Could you repeat the listing below exactly while leaving its pictures behind?

** Dataset content **
▬▬▬▬▬▬▬▬▬▬

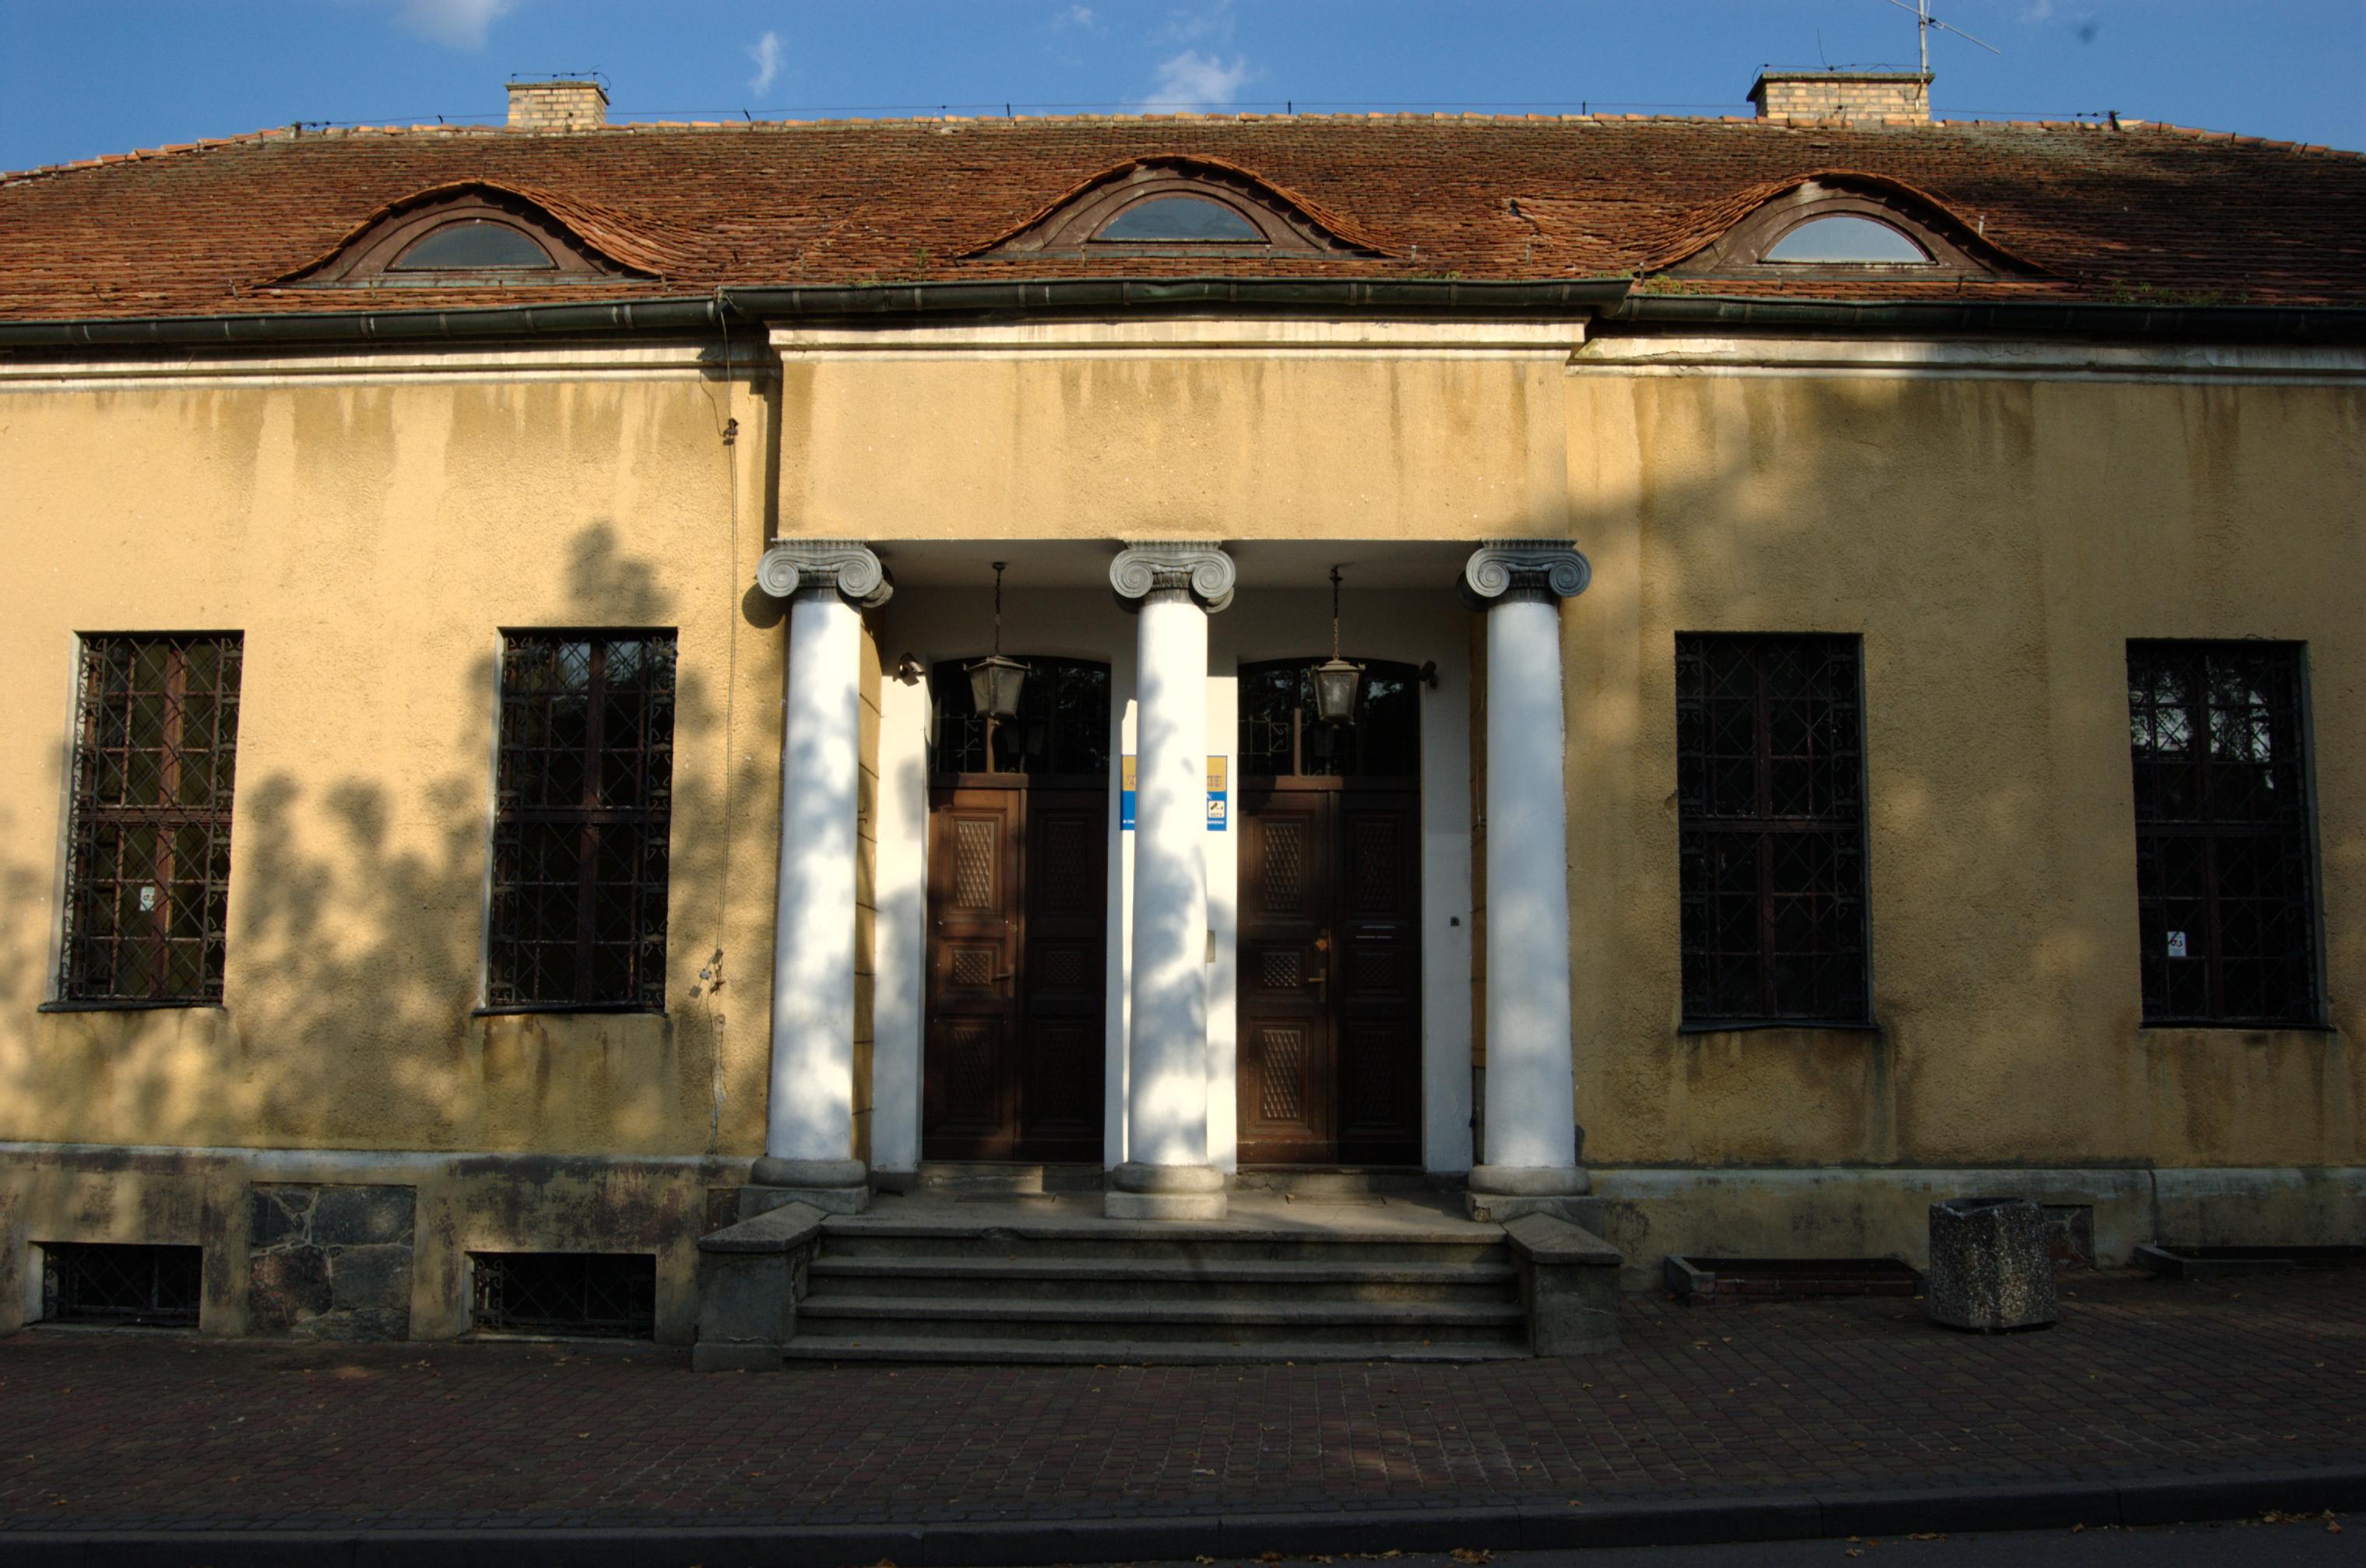 Plik:Wałcz, Muzeum Ziemi Wałeckiej 01.png – Wikipedia, wolna encyklopedia
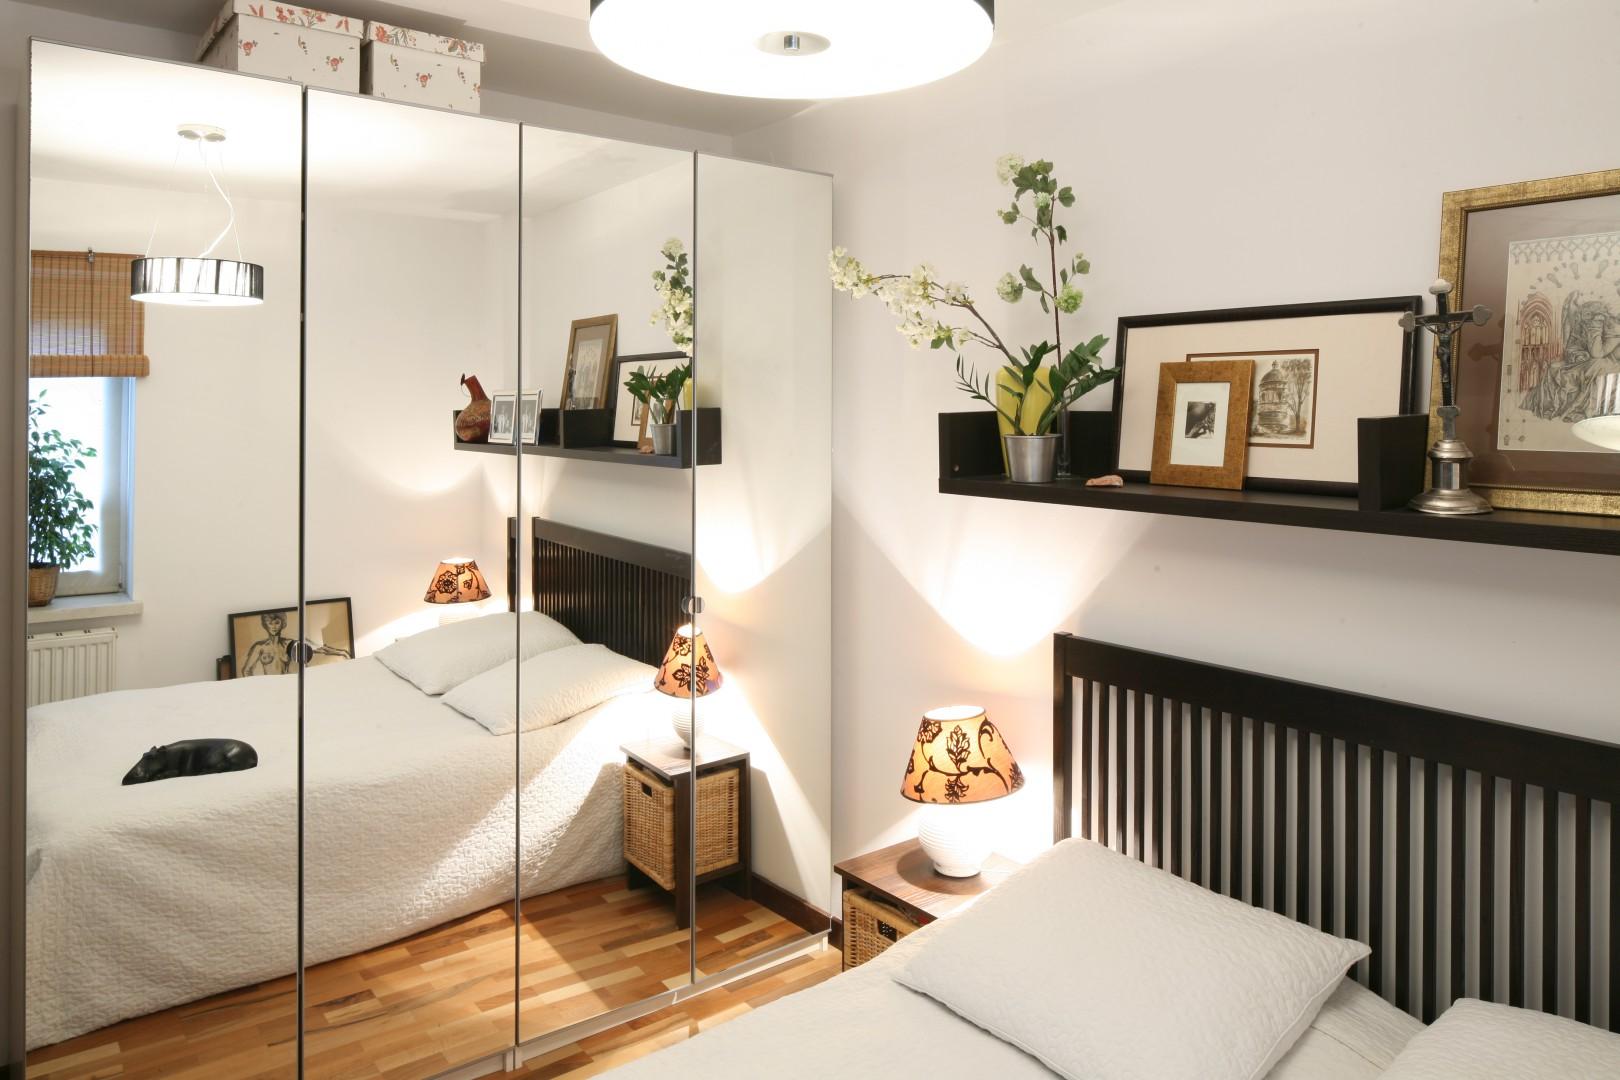 Urządzamy Mała Sypialnia Najlepsze Pomysły Z Polskich
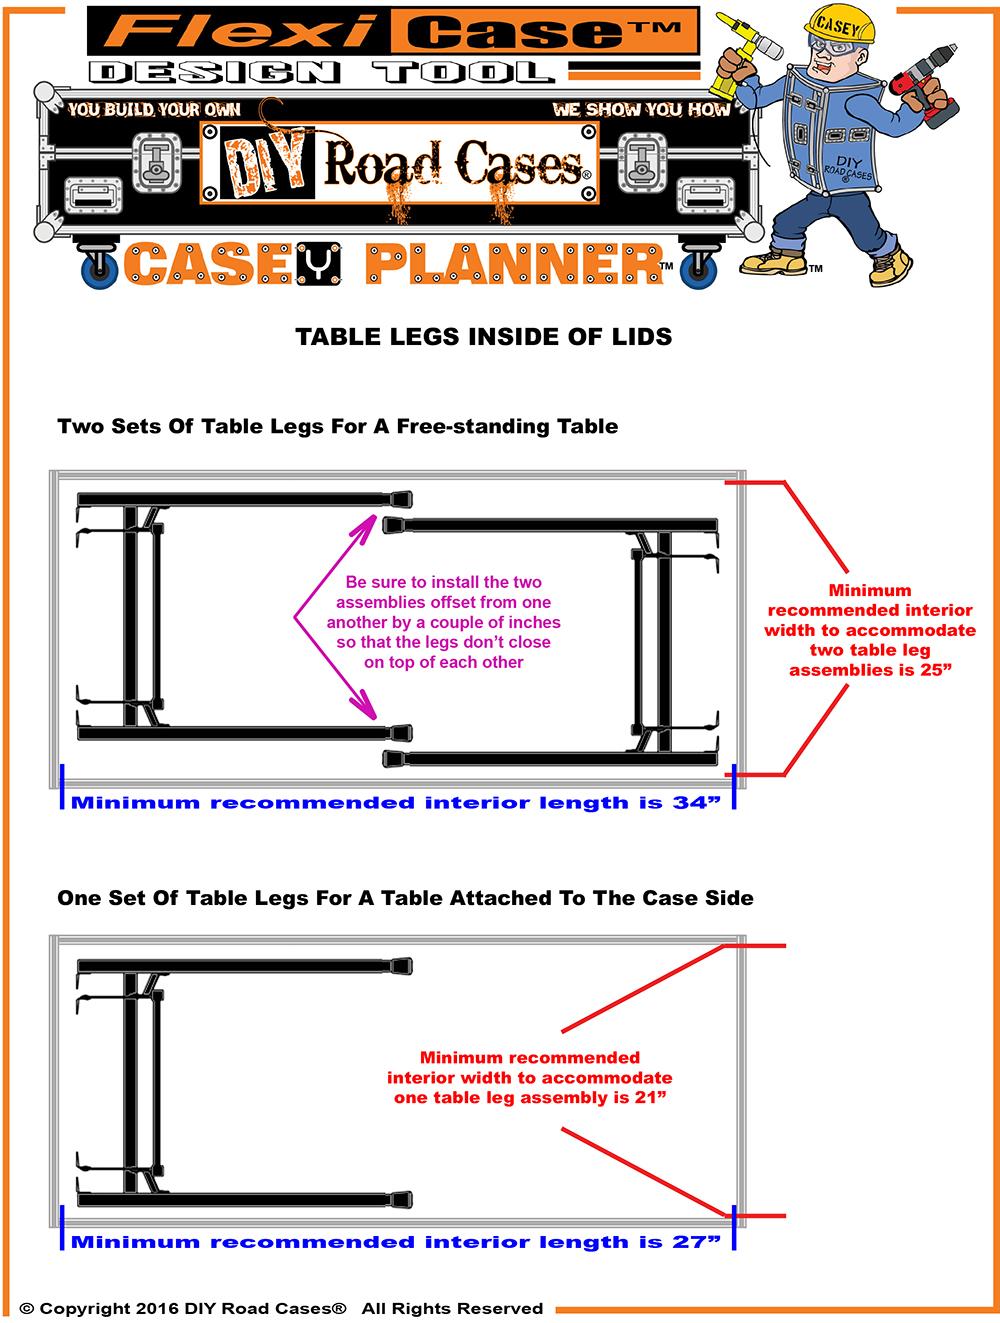 table-legs-inside-lids-jpeg-for-store.jpg

▬▬▬▬▬▬▬▬▬▬

** Task result **
 Plik:Wałcz, Muzeum Ziemi Wałeckiej 01.png – Wikipedia, wolna encyklopedia
 Urządzamy Mała Sypialnia Najlepsze Pomysły Z Polskich
 table-legs-inside-lids-jpeg-for-store.jpg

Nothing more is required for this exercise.